- Texte visé : Texte de la commission sur le projet de loi, adopté par le Sénat, après engagement de la procédure accélérée, visant à offrir des réponses immédiates aux phénomènes troublant l’ordre public, la sécurité et la tranquillité de nos concitoyens (n°2850)., n° 2984-A0
- Stade de lecture : 1ère lecture (2ème assemblée saisie)
- Examiné par : Assemblée nationale (séance publique)

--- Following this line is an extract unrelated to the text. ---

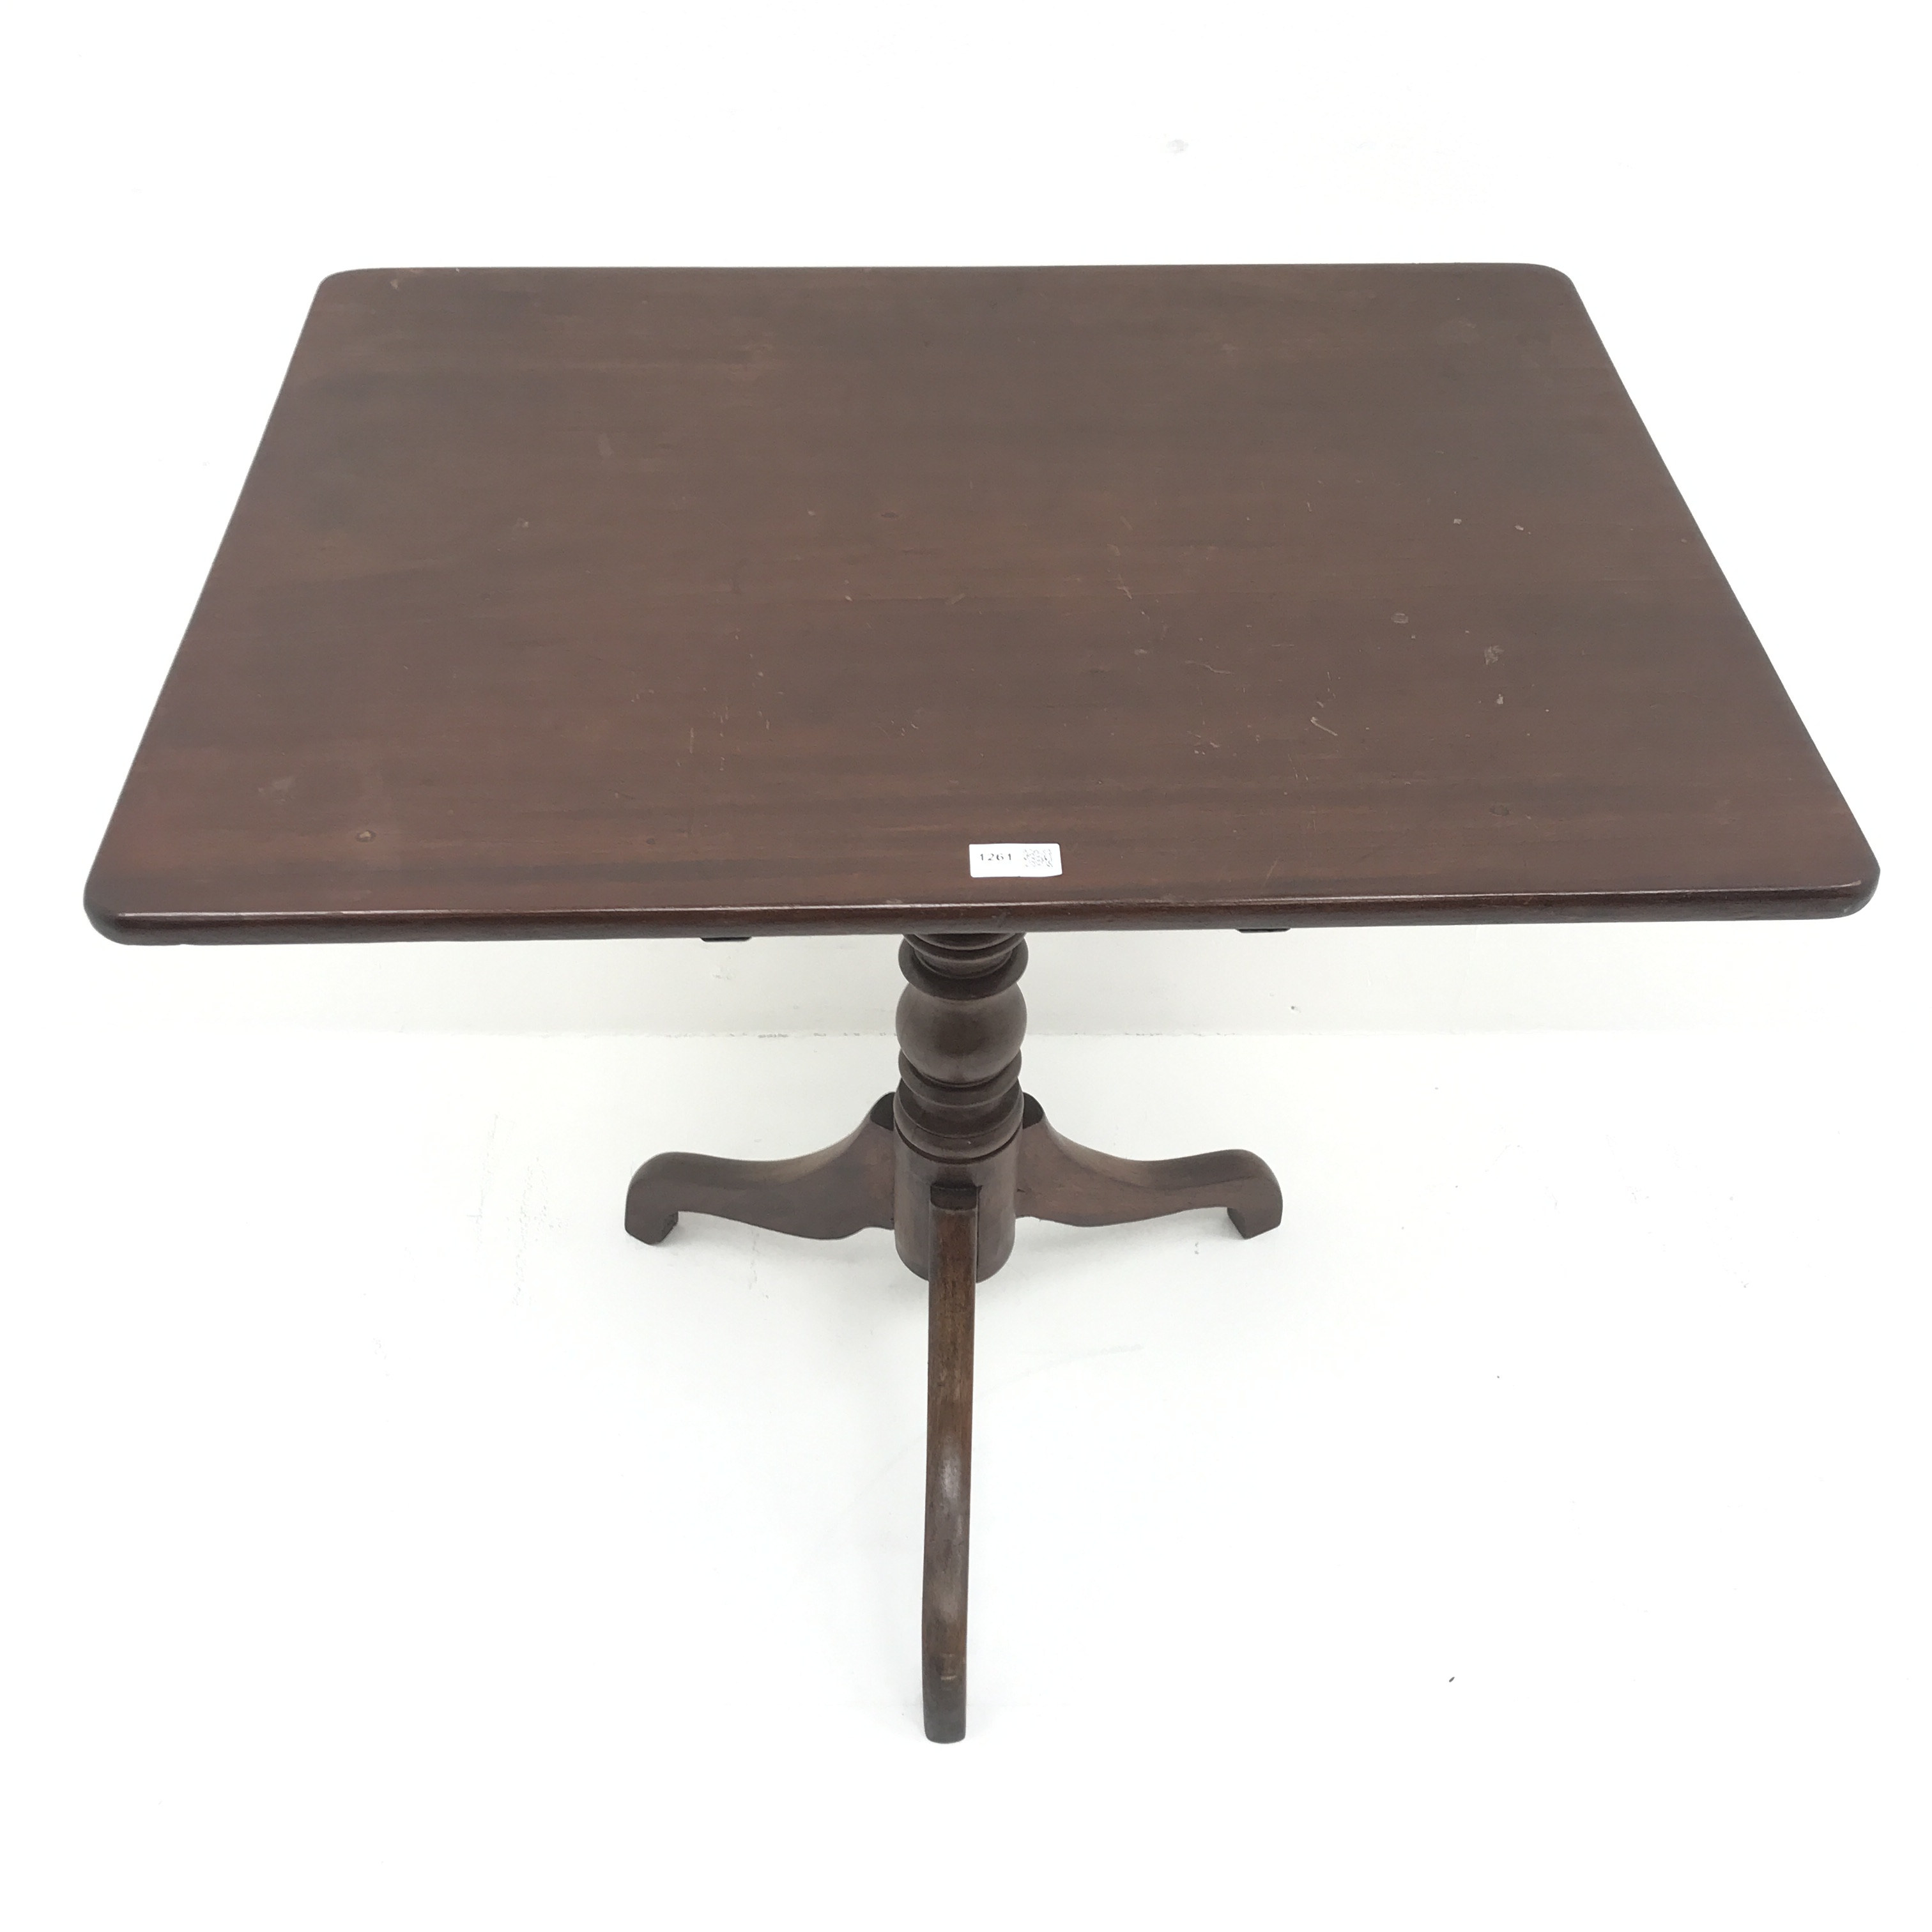 19th century mahogany tilt top table, single turned column on tripod base, W75cm, H71cm, D85cm - Image 5 of 6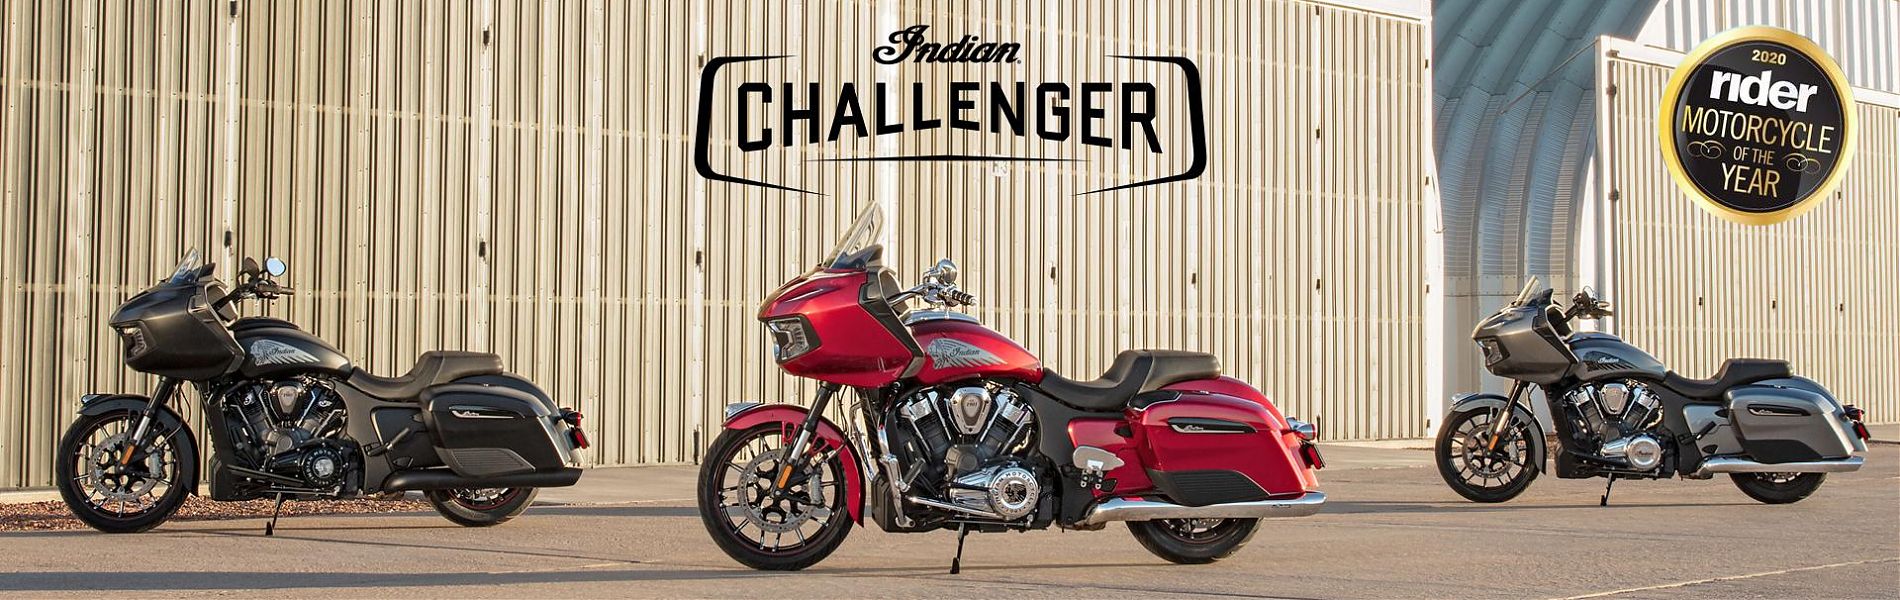 Indian Challenger – мотоцикл года по версии Rider Magazine

- Amendement parent : Amendement n°901 (Rect)
Supprimer l'alinéa 12.
Ce sous-amendement du groupe Écologiste et Social vise à supprimer l’extension du recours au dispositif de lecture automatisée des plaques d’immatriculation (LAPI) aux infractions d’aide à l’entrée, à la circulation ou au séjour irréguliers prévues aux articles L. 823‑1 à L. 823‑3 du code de l’entrée et du séjour des étrangers et du droit d’asile.
Une telle extension apparaît manifestement disproportionnée.
En pratique, cette extension est susceptible de conduire à la collecte et au traitement des données de bénévoles et membres associatifs apportant une aide à des étrangers en situation irrégulière. Certes, le code de l’entrée et du séjour des étrangers et du droit d’asile prévoit une immunité pénale au bénéfice des personnes qui agissent dans un but purement humanitaire. Toutefois, cette immunité ne fait pas obstacle à l’ouverture d’une enquête ni à la mise en œuvre des techniques d’investigation destinées à établir les circonstances des faits. Les personnes concernées peuvent ainsi faire l’objet de mesures de surveillance avant que le caractère humanitaire de leur intervention ne soit établi.
Le présent sous-amendement vise donc à éviter que le recours au dispositif LAPI ne puisse conduire, même temporairement, à la surveillance et au fichage de personnes dont l’action relève de la solidarité et de l’assistance humanitaire.